Utiliser la tragédie des abus pour des conflits de pouvoir, d’influence, et de carrière est une violence supplémentaire qui se répercute sur les victimes qui alors disparaissent, devenant des objets de négociation anonymes, dans les conflits entre des bandes et des groupes organisés.
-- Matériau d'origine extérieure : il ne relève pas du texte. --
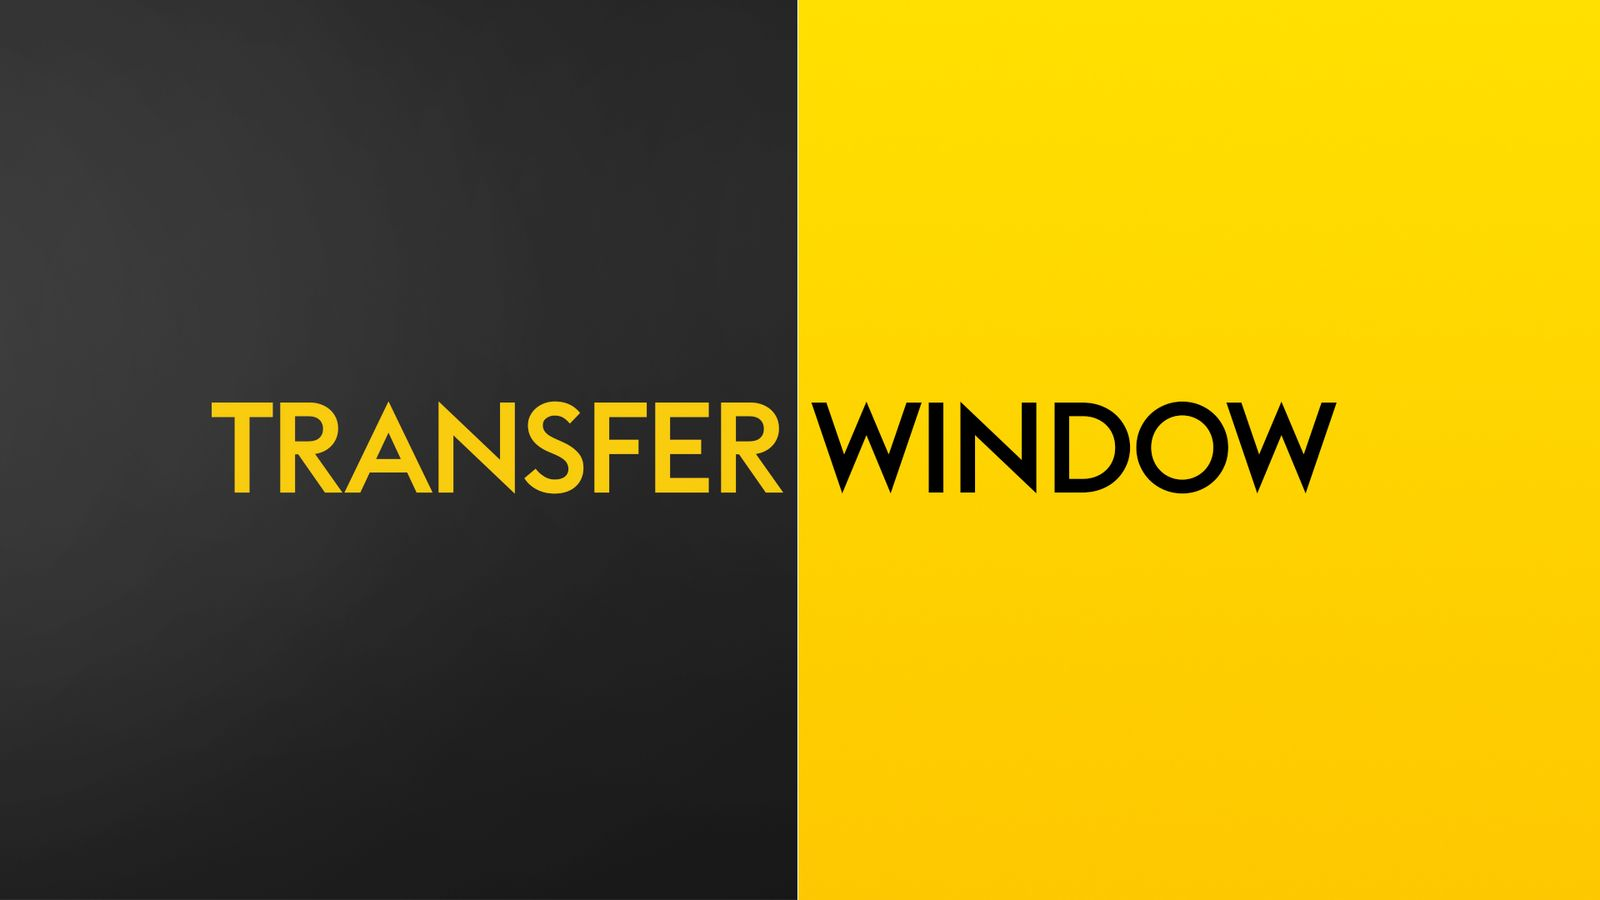 Transfer Deadline Day: When does summer 2019 window close

D’accord, comme l’aurait écrit le pape émérite, pour vous respecter, même lorsque vous n’êtes pas d’accord en tout point. Cela peut être une bonne contribution à la lutte contre ce fléau. Mais il faut ajouter, avec bon sens, qu’il est regrettable que certains aient voulu utiliser un phénomène aussi dramatique que la pédophilie cléricale pour leurs petits jeux, en se cachant derrière un homme et un prêtre tel que Joseph Ratzinger qui mérite respect et affection sans borne, surtout à l’heure du grand âge et de la maladie grave.
Note
[1] « Aux victimes d’abus et à leurs familles.Vous avez énormément souffert et je suis vraiment désolé. Je sais que rien ne peut effacer le mal que vous avez enduré. Votre confiance a été trahie et votre dignité a été violée. Vous avez été nombreux à constater que lorsque vous avez eu le courage de parler de ce qui vous était arrivé, personne ne vous a écouté. Ceux d’entre vous qui ont été victimes d’abus dans les pensionnats ont dû penser qu’il n’y avait aucun moyen d’échapper à leurs souffrances. Il est compréhensible que vous trouviez difficile de pardonner ou de vous réconcilier avec l’Église. En son nom, j’exprime ouvertement la honte et les remords que nous ressentons tous. En même temps, je vous demande de ne pas perdre espoir. C’est dans la communion de l’Église que nous rencontrons la personne de Jésus-Christ, victime d’injustice et de péché. Comme vous, il porte toujours les blessures de ses souffrances injustes. Il comprend la profondeur de votre douleur et la persistance de ses effets, dans votre vie et dans vos relations avec les autres, y compris vos relations avec l’Église ».